Caxias do Sul 22/11/2024

Dois invernos bem diferentes

A estação do frio alterna nuances verdes e brancas sob as penas de dois poetas distintos
Produzido por José Clemente Pozenato, 26/05/2021 às 14:51:00
Foto: Marcos Fernando Kirst

O poeta Jorge de Lima, alagoano, autor do monumento épico-lírico intitulado Invenção de Orfeu, escreveu um poema sobre o inverno. O inverno que ele avistava mudando as cores da Serra da Barriga, para a qual escreveu também versos saudosos:

“Serra da Barriga!

Te vejo da casa em que nasci.”

Seu poema sobre o inverno nordestino, onde a neve nem chega perto, e tem a chuva como sinal de sua chegada e presença, começa assim, em ritmo de dança no terreiro:

“ZEFA, chegou o inverno!

Chuva e mais chuva, Zefa!

Vai nascer tudo, Zefa!

Vai haver verde,

verde do bom,

verde nos galhos,

verde em ti, Zefa,

que eu quero bem!”

Já o meu poema sobre o inverno vivido na Serra Gaúcha contrasta frontalmente com o de Jorge de Lima. No dele, tudo fica verde. No meu, tudo fica branco. E com outro ritmo. Não resisto à tentação, neste quase início de junho, com o frio já batendo na porta com toda força, de mostrá-lo às minhas leitoras e aos meus leitores.

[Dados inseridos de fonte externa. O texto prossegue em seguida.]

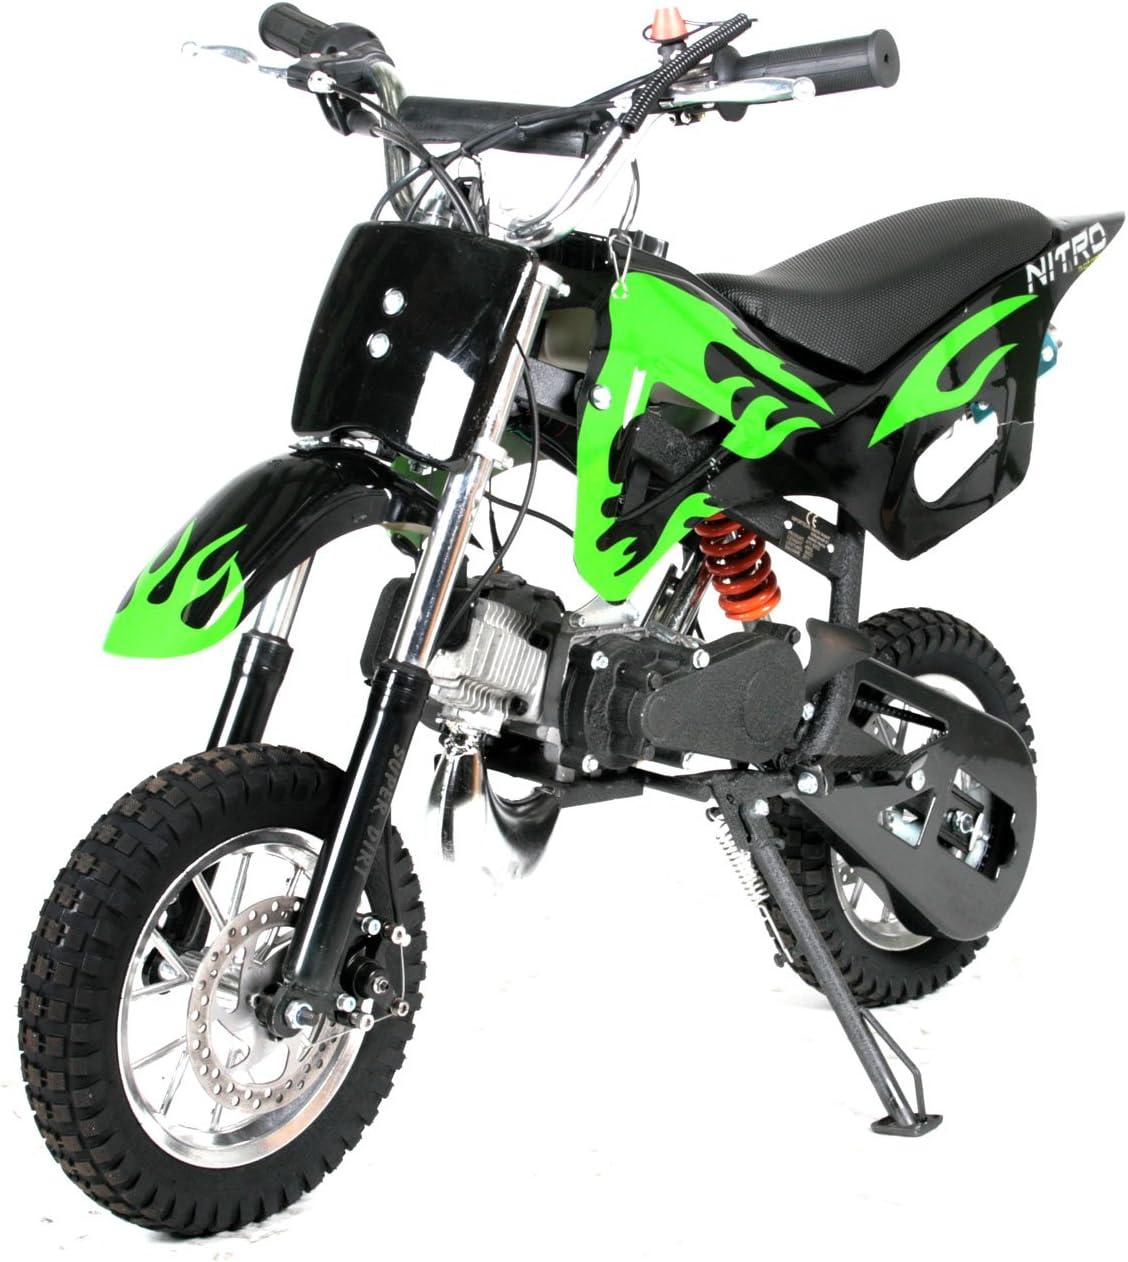 Schwungscheibe Pocket-Bike Alu Seilzugstarter DirtBike Cross Mini ATV Seilzug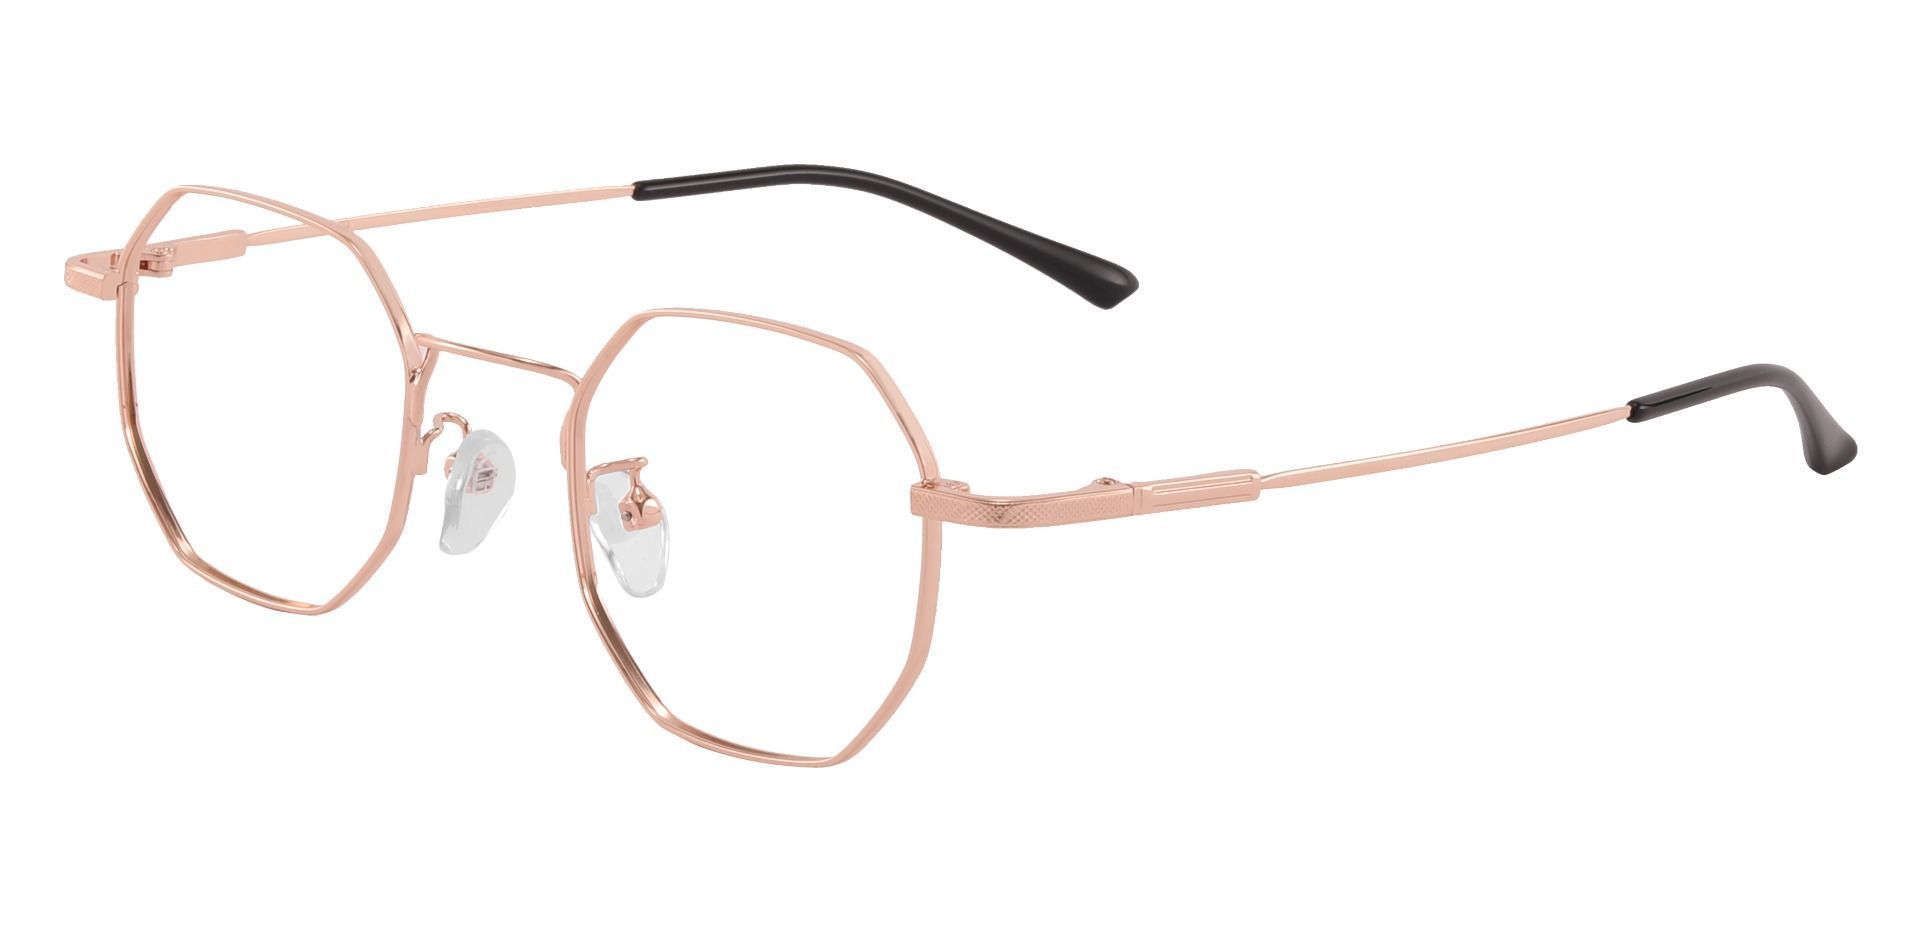 Belgrade Geometric Prescription Glasses - Rose Gold

Junho, solta-se o vento assobio,

de lambada cortante, repontando

para dentro o que disperso estivera:

o gado no coberto, e o cavalo;

o pessegueiro reflui em si mesmo,

a pastagem para dentro do chão;

também o homem vai para dentro

da casa, e para dentro de si.

Se antes o viras cheio de rompante,

agora discorre em silêncios compridos;

se antes sua língua adaga feria,

ora em mel se dissolve, língua favo.

Mesmo o ódio sai entredentes

semelhando oração murmurada.

E se prestares ouvido, ouvirás

que está ele sempre falando, dentro.

E sua vida toda brota, a mais funda,

e escorre, lenta, pelos olhos baixos,

pelo gesto parado, pelos lábios

mal apenas movidos sob os bigodes.

Em fogo se tempera o ferro, metal;

em gelo o homem, e o pessegueiro:

a casca endurecida, em defesa

à elaboração íntima, de retorta,

que pelo silêncio e asperezas

pareceria de ódio retrabalhada.

E se o vires num poncho enrolado

semelhará a cobra na toca,

o veneno refinando, em si guardando:

melhor é não tocar na pele fria.

Ninguém poderá saber, sabido,

o que destila o coração retorta:

se mel, se veneno, ambos bucais

mas só provados depois de cuspidos.

Sabendo as manhãs, nenhuma é branca

como no inverno: branco rebuscado

de cristais, rendas, vestidos de noivas

ou bem de batizado, de batismo.

O inverno é reconcentrado: tem ritos

de purificação, com vestes alvas,

árvores penitentes, despojadas,

penitência com requintes de frio.

Dois invernos bem diferentes, não é mesmo? Isso é Brasil!

José Clemente Pozenato é escritor e autor do aclamado “O Quatrilho”, que foi adaptado ao teatro pelo grupo caxiense Miseri Coloni; ao cinema por Fábio Barreto, concorrendo ao Oscar e transformado em ópera.